I took the pigeons out on Friday for their first real time out in the garden this year. They each had a turn in the pen in the sun. We cannot trust Elmo nor Georgie out in the garden without some form of protection. Georgie, being mostly blind and unable to fly properly (she usually ends up flying backwards), has a habit of taking off suddenly if spooked – which is what can happen in the garden with the strange environment and sounds. Elmo, being an ex-PMV sufferer, cannot fly properly either. He hasn’t got the flight muscles nor coordination, however, he can fly up quite high for short bursts if frightened and potentially end up in an undesirable place (e.g. over the hedge onto the railway track that’s on the other side of our garden). We therefore have two options when taking Elmo and Georgie outside: 1) put them in the enclosed wired pen, or 2) put a flight harness on them.
When we first got Elmo we used to take him out without a harness or putting him in a pen. We thought that since he could see and was unable to fly properly, he wouldn’t get himself into trouble. We soon learnt how stupid we were and how dangerous the situation really was (read: Fly, birdie, fly!).

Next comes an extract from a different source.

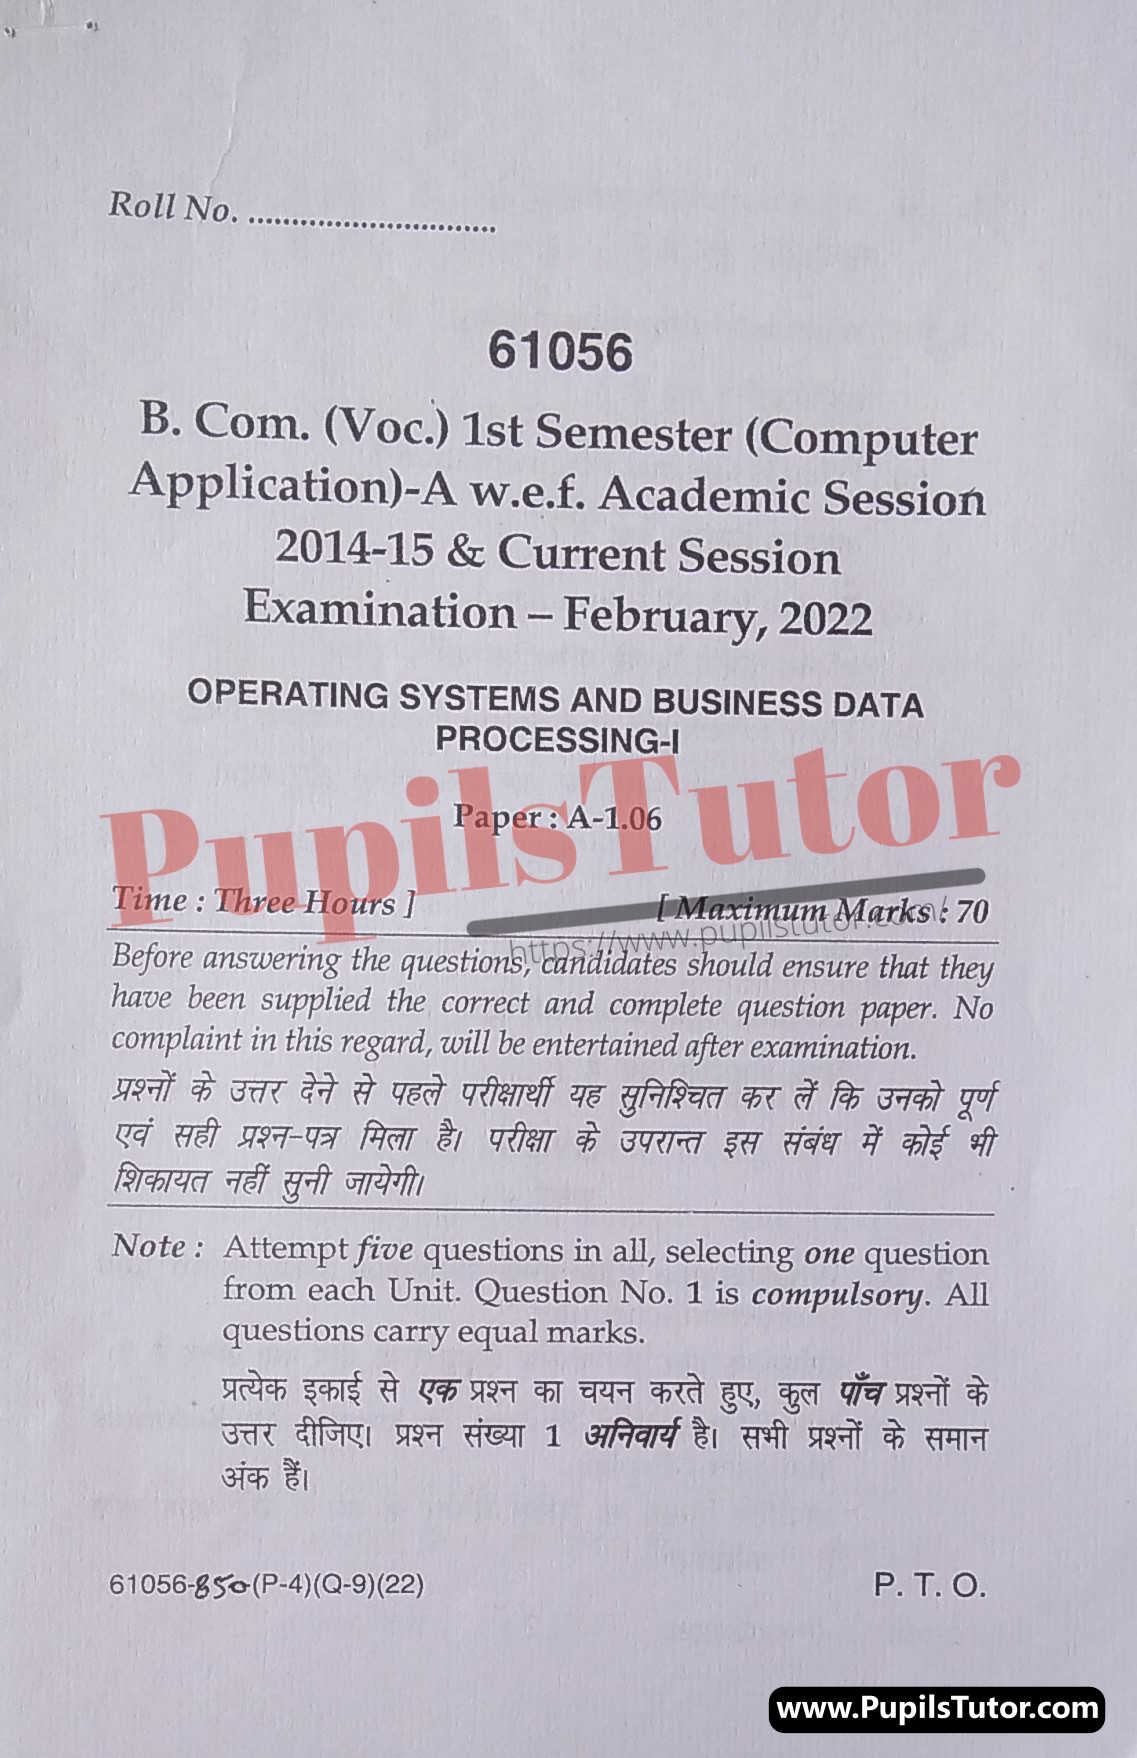 MDU (Maharshi Dayanand University, Rohtak Haryana) Bcom (Voc.) Vocational First Semester Previous Year Operating System And Business Data Processing Question Paper For February, 2022 Exam (Question Paper Page 1) - pupilstutor.com
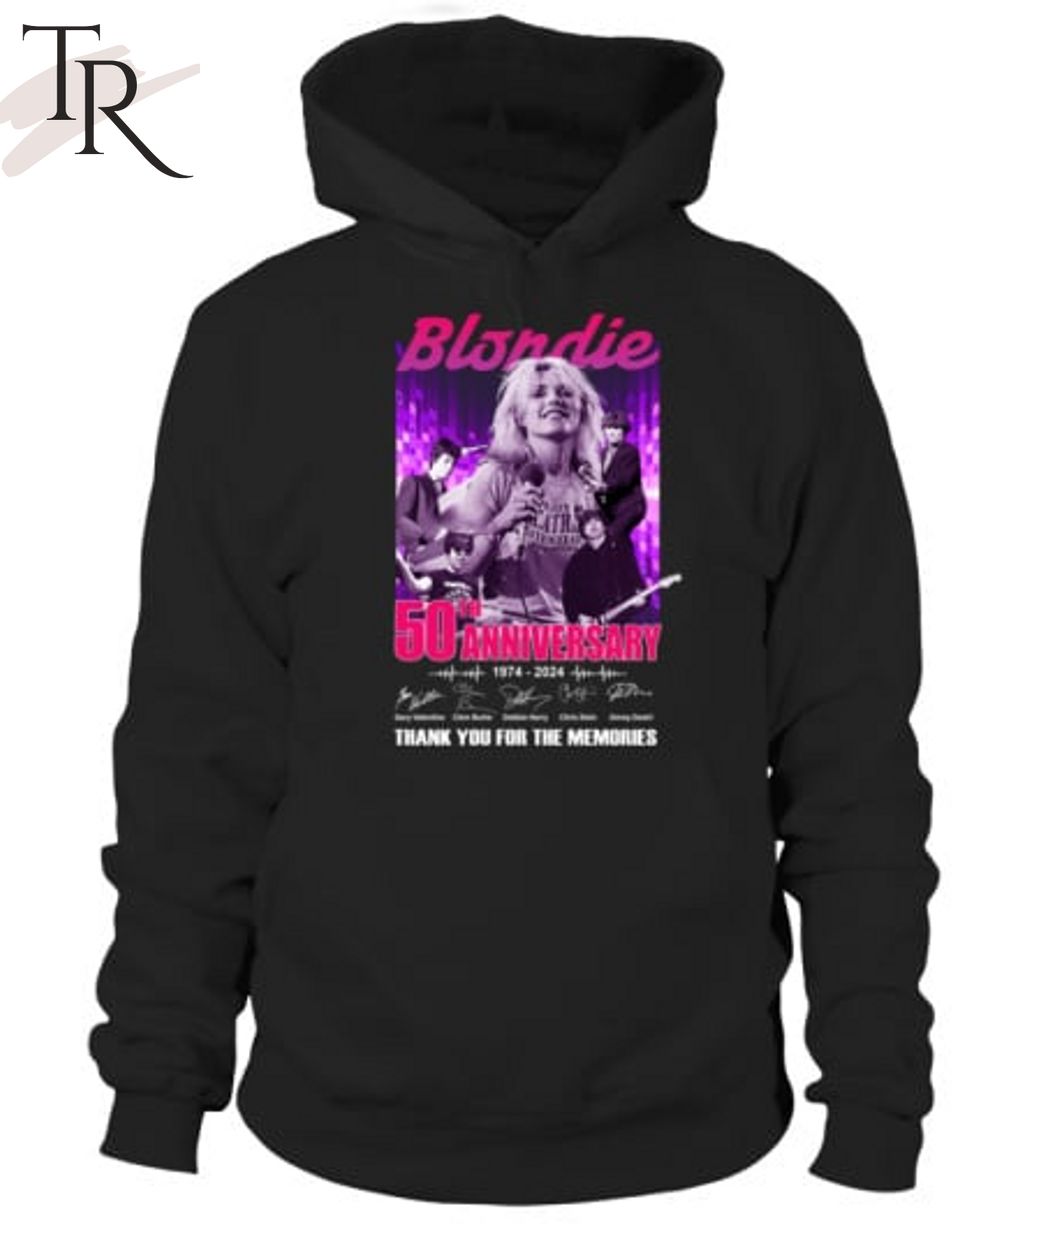 Blondie 50th Anniversary 1974-2024 Thank You For The Memories T-Shirt

What used to happen with Elmo is that he’d spend some time with us in the garden. He’d be pecking at the dirt and grass – as happy as Larry – then suddenly he’d decide he’d had enough and walk over the pebble path back to the front door round the corner of the building. He’d wait there until Richard let him into the flat (which would be fairly quickly since we didn’t like him being out of our view). On one occassion Richard and I were in the garden, lying on the grass, when all of a sudden a little Jack Russell terrier appeared by our heads. It was our uncle’s dog, Minnie. Luckily, we had already put the pigeons back in the flat so there was no danger, however, it really sunk into my mind that had Elmo been free in the garden at that moment, Minnie would have attacked him in a heartbeat. And what if Elmo had gone to the front door at that moment, out of our view when Minnie came over? It’s too horrible to think about. We immediately stopped letting Elmo roam free in the garden and got the pen and harness for our pigeons.
Yesterday Georgie had a refreshing bath after her time in the sun, however, Elmo wasn’t interested in the water.
Georgie in the sun
Georgie falling asleep
When I placed Elmo in the pen he shook like a leaf – he was very excited and I think a little scared of the new environment. I had to bob my head to divert his attention, which worked, because then Elmo calmed down and started pecking at the grass and enjoying the direct sunshine.
Elmo in the pen
A single feral pigeon came down to look for seed on the ground and Elmo was quite curious. He stared intently at the pigeon until the pigeon noticed him, and then the feral stared back. Funny.